Assignment: Please return the data word for word and leave out any picture it contains.

Data provided:

=======

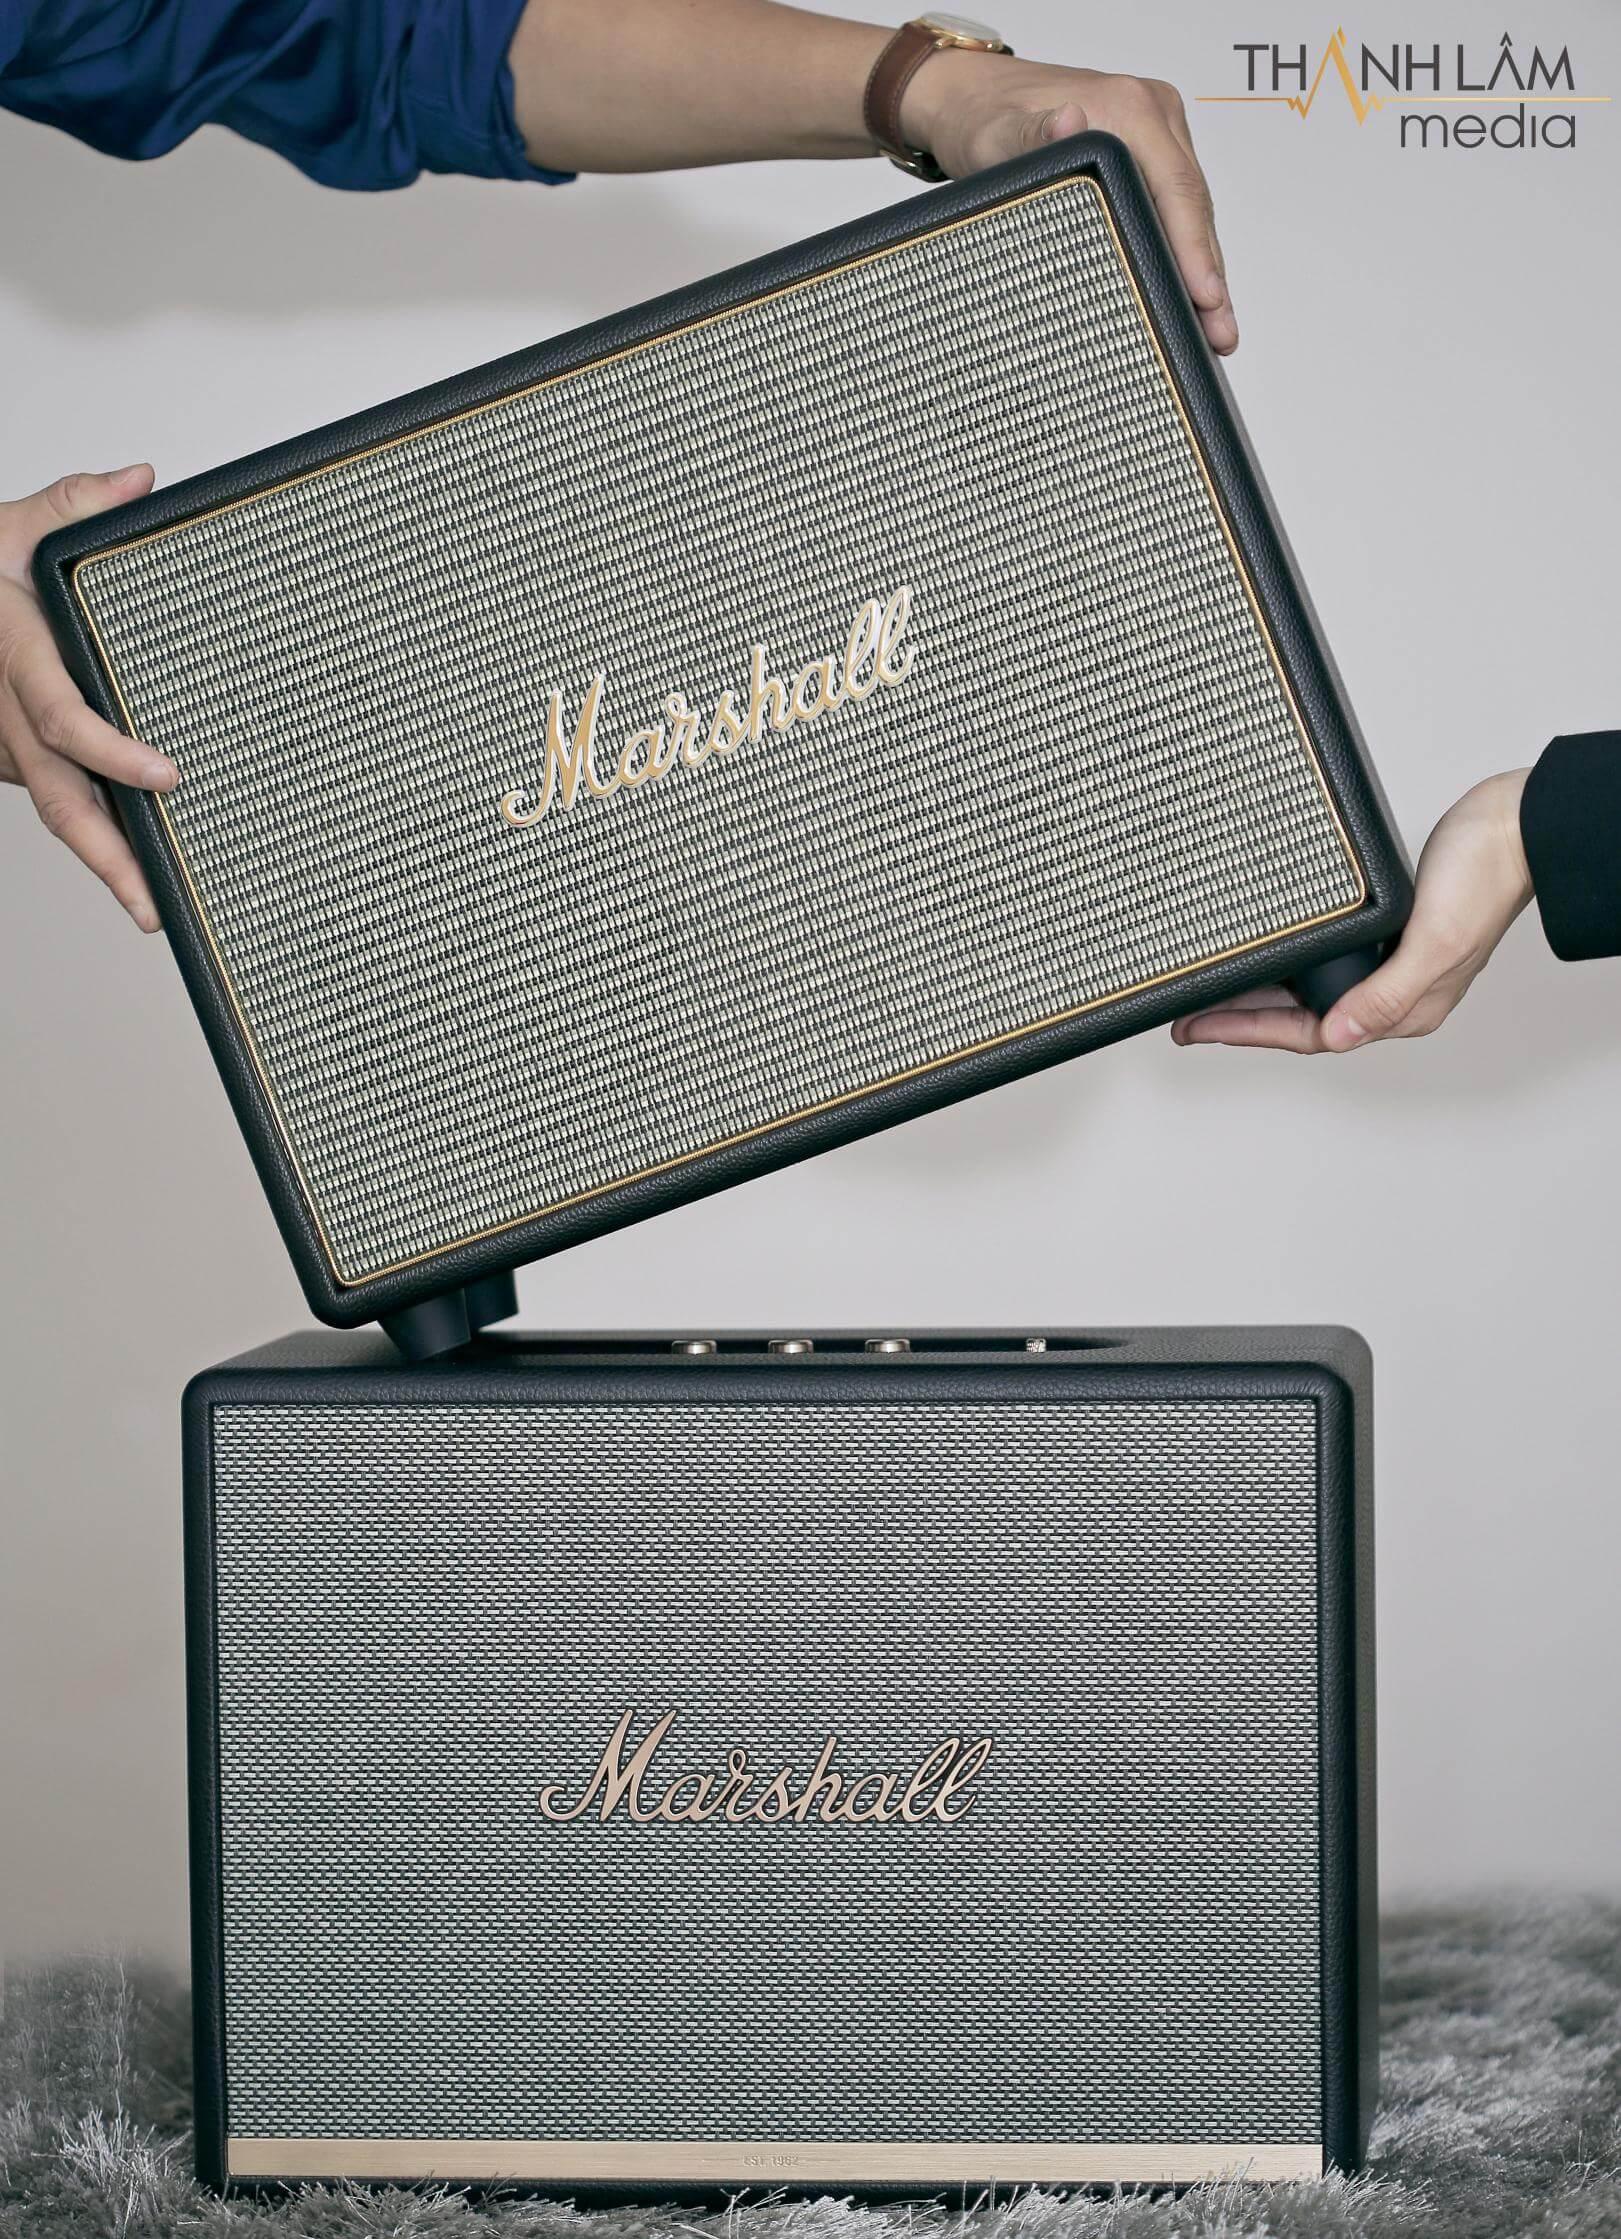 Loa Marshall Woburn và Marshall Woburn II
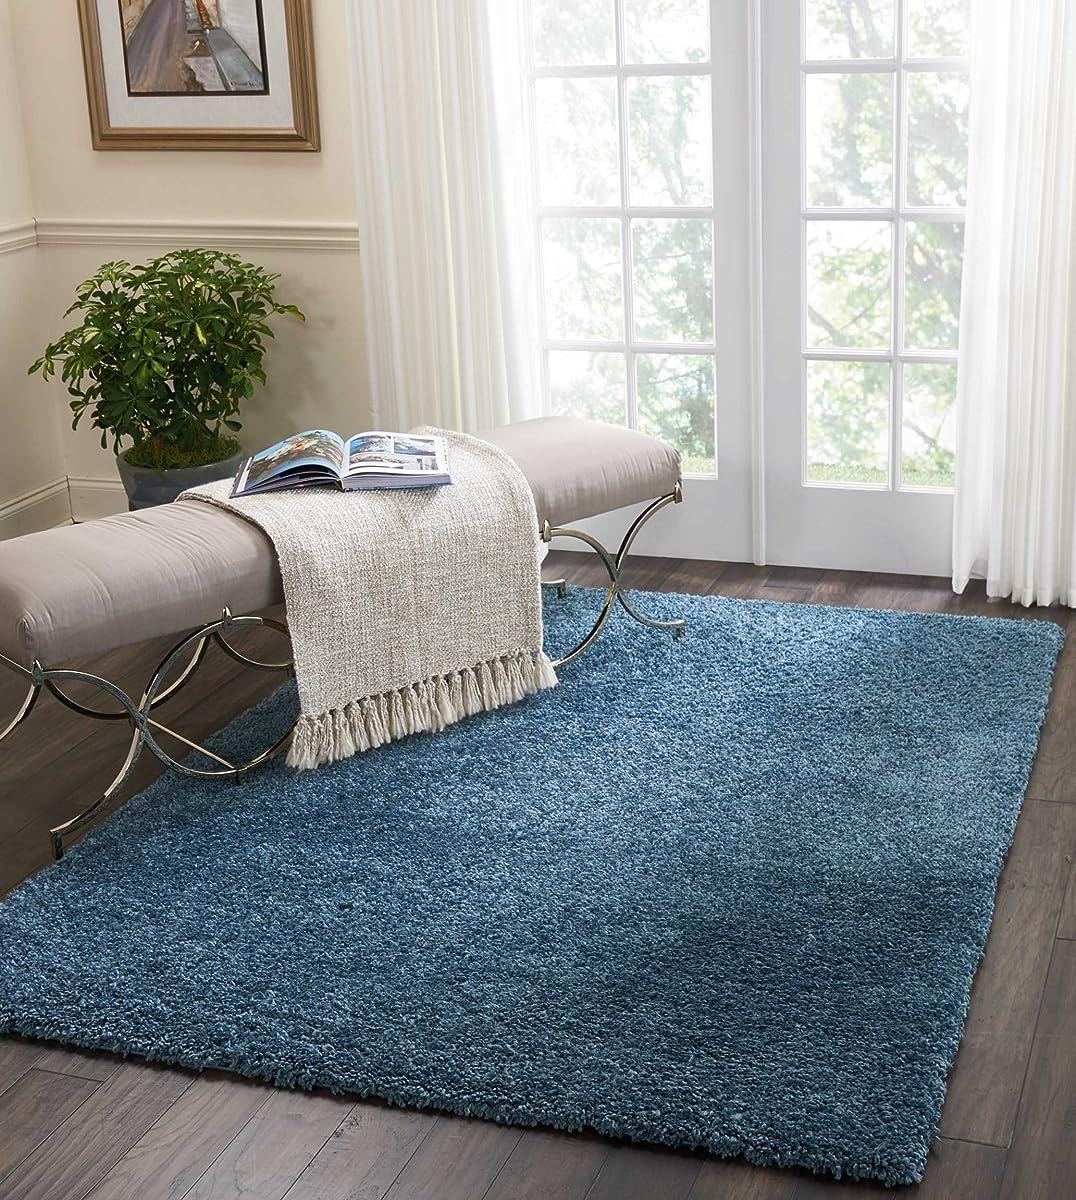 Nourison MSG01 Malibu Shag Area Rug, 53 x 73, BLUE
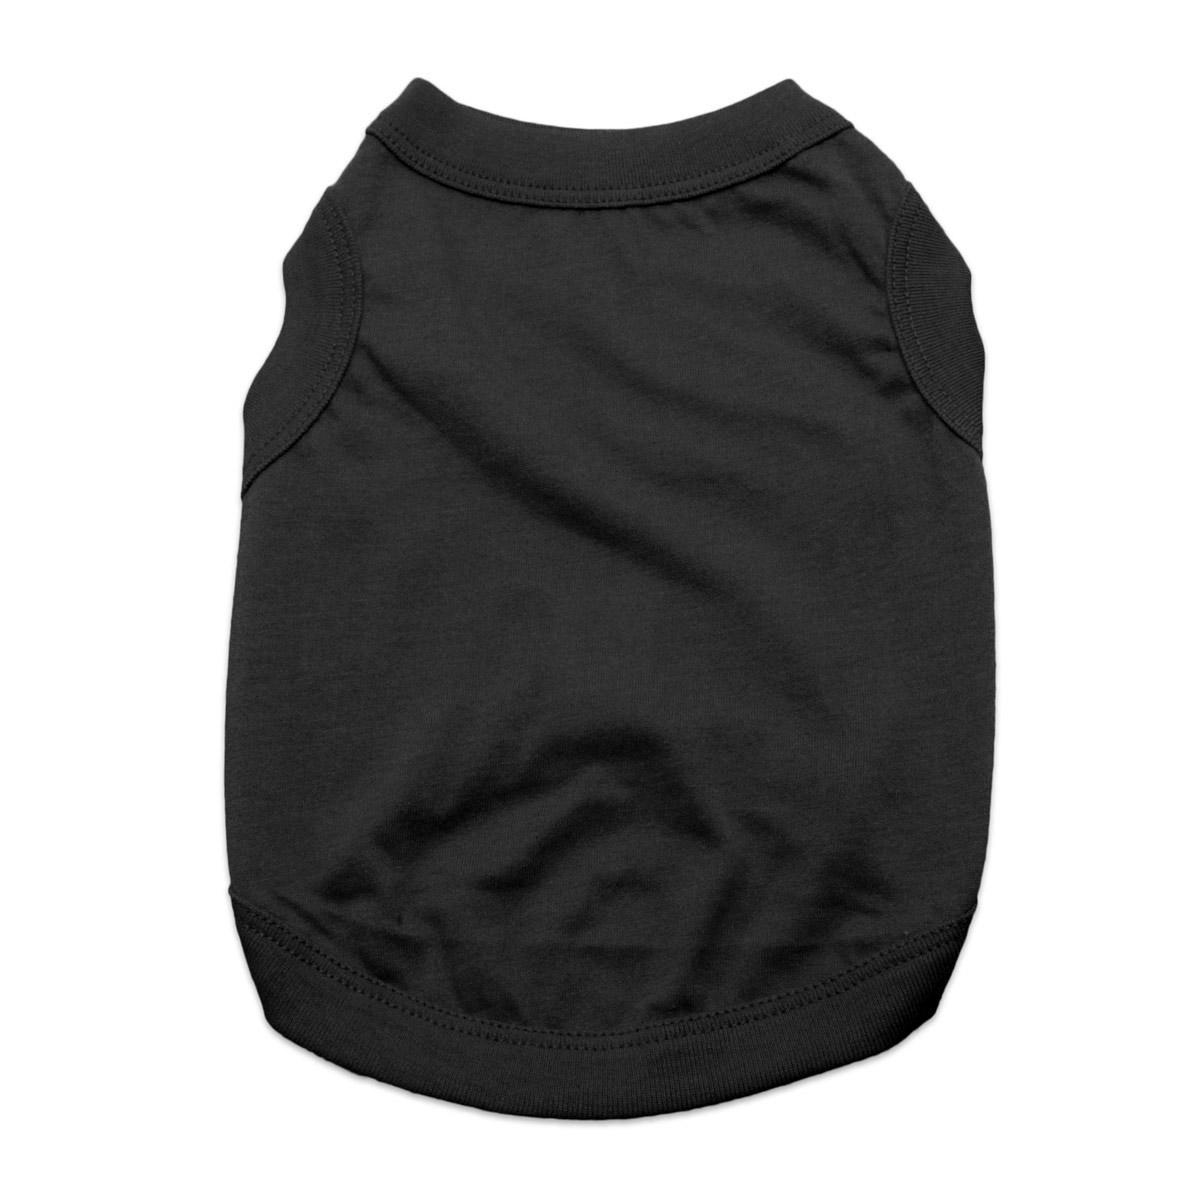 Barking Basics Dog Tank Shirt - Black
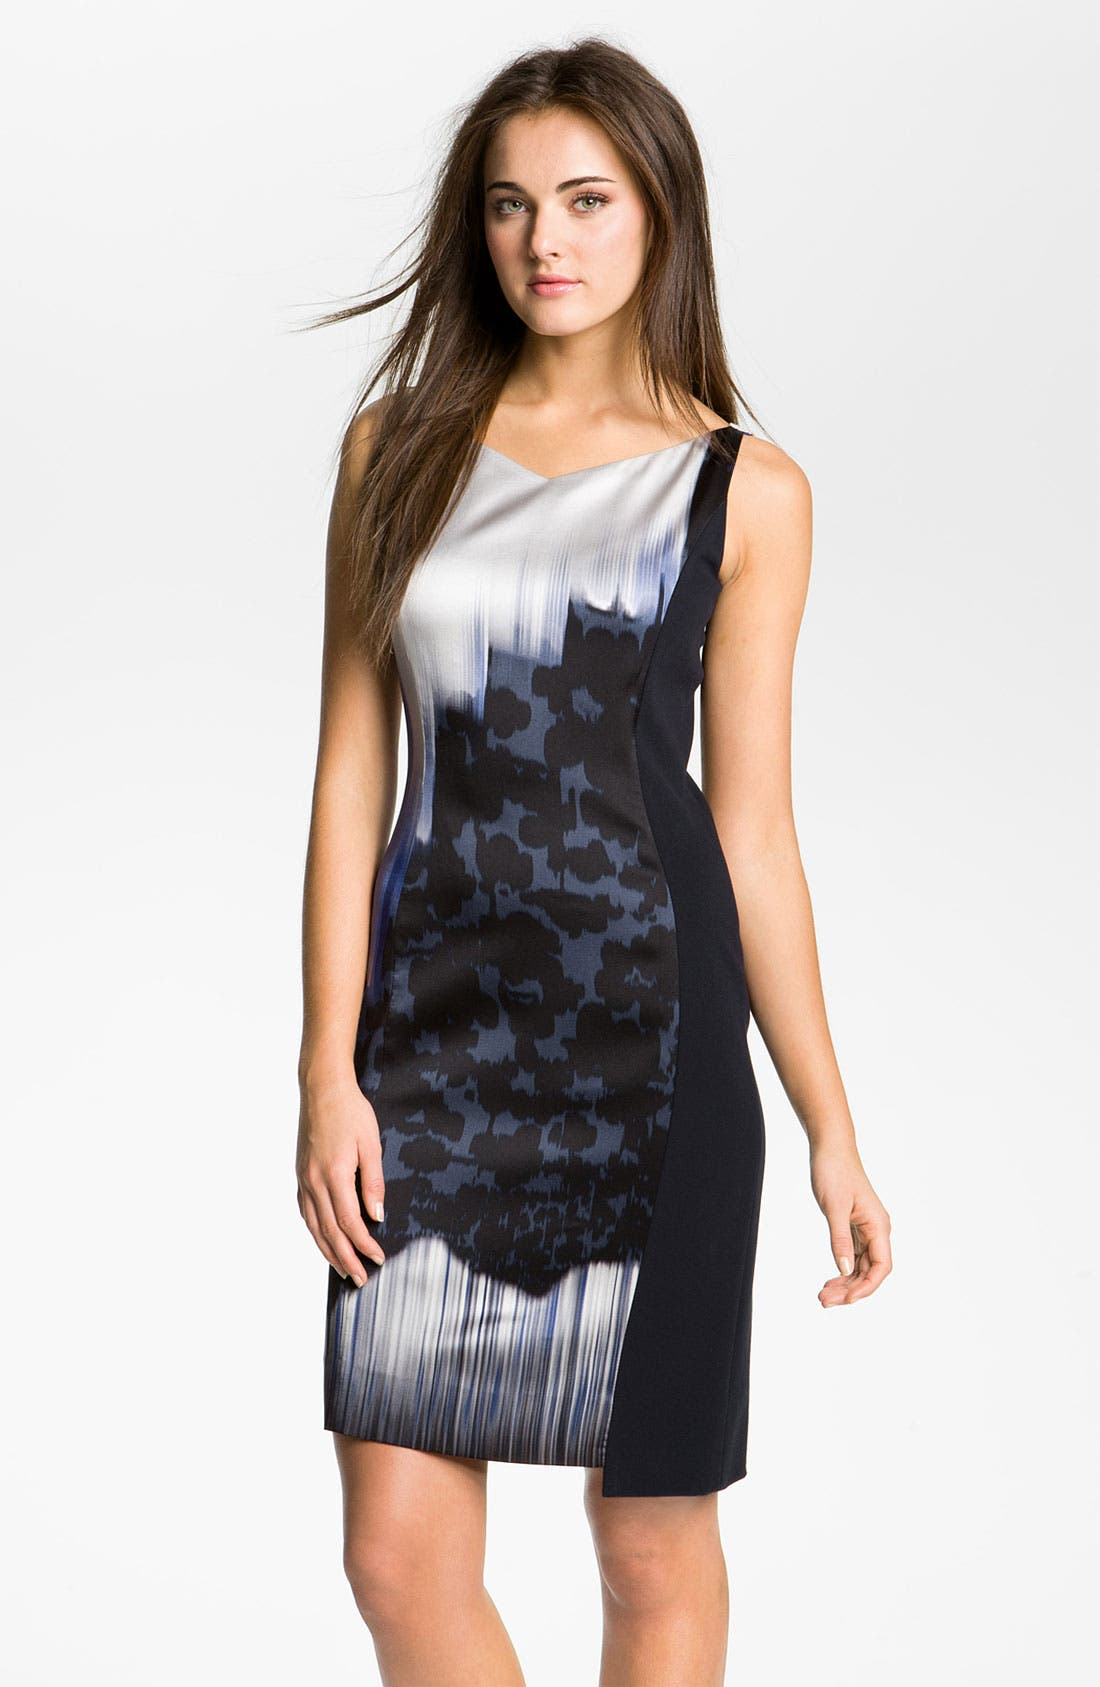 Alternate Image 1 Selected - Elie Tahari 'Margie' Print Charmeuse Sheath Dress

=======

Answer for the task:
 Loa Marshall Woburn và Marshall Woburn II
 Nourison MSG01 Malibu Shag Area Rug, 53 x 73, BLUE
 Barking Basics Dog Tank Shirt - Black
 Alternate Image 1 Selected - Elie Tahari 'Margie' Print Charmeuse Sheath Dress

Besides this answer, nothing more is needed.